Former UW Team Physician Faces Drug Inquest

The UW is investigating charges that a former team physician may have distributed prescription drugs without following proper medical procedures, the Department of Intercollegiate Athletics announced Oct. 23.

According to investigators of the state's medical licensing authority, Dr. William Scheyer wrote hundreds of prescriptions and issued thousands of doses of controlled substances--including anabolic steroids, narcotics, sedatives, stimulants and tranquilizers--in the names of various athletes and trainers. They allege that he paid for the drugs himself, creating a stockpile of medications that were then given to others not listed on the prescription.
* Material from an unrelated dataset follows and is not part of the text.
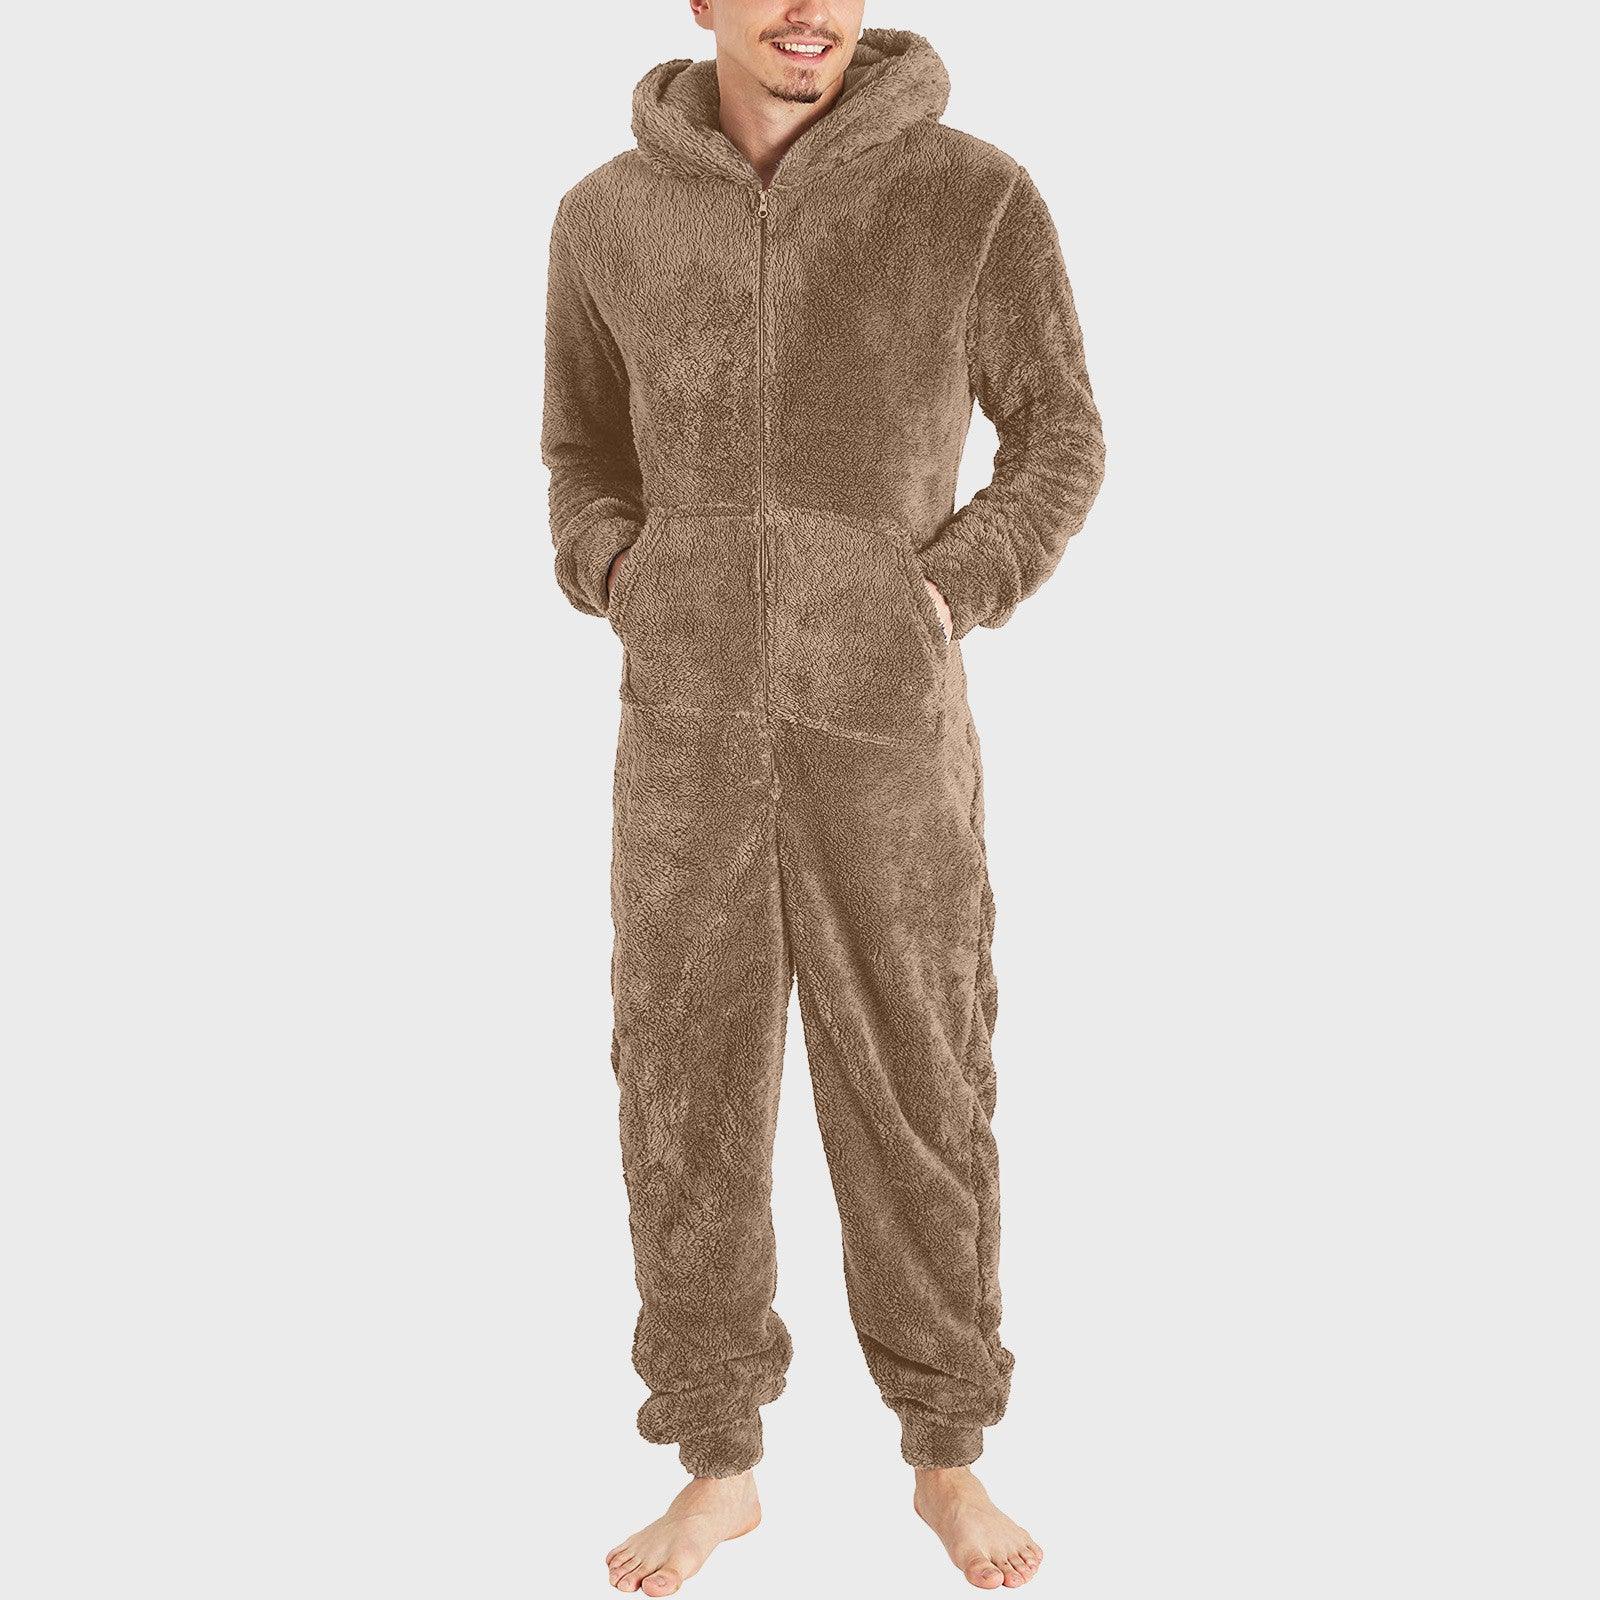 Men's Zipper Plush Jumpsuit Thermal Pajamas Winter clothes for men

On Oct. 17 the state Medical Quality Assurance Commission suspended Scheyer's medical license. On Oct. 28 officials said there would be a joint criminal investigation into Scheyer's actions conducted by the U.S. Attorney's Office, the U.S. Drug Enforcement Agency and the Washington State Patrol.

Also under investigation by the state licensing authority is Swedish Hospital pharmacist Edward Matsukawa, who is charged with dispensing controlled substances that were not issued for the sole use of the patients.

Scheyer was one of the UW's team physicians from 1984 to 1999. The department then switched to UW Medicine for its team physicians, but Scheyer stayed on as the softball team physician at the request of Softball Coach Teresa Wilson. Two years ago he was moved to volunteer status with the softball team and in September was removed entirely.

The last time the UW softball team was tested for banned substances was at the 2001 College World Series. All the athletes passed. A 1987 lawsuit prohibits the UW from conducting random drug tests on its student-athletes.

State charges against Scheyer assert that he "often distributed the drugs with little or no medical evaluation, and kept almost no medical records for the athletes."

Scheyer is a sports medicine specialist and was a founder of the Washington Institute of Sports Medicine in Kirkland. He is no longer on the institute's staff.

Scheyer's attorney, Cyrus Vance Jr., told the press that the doctor has conducted "a long and distinguished career as a well-respected sports doctor." He added that Scheyer has worked "tirelessly, in his free time, as a volunteer and out of devotion to the University."

As Columns went to press in mid-November, the results of the UW investigation were still pending. Pac-10 Conference officials said they will wait for the UW to complete its internal investigation before making a decision on how to proceed. It is the NCAA's policy to neither confirm nor deny any possible investigation of its members.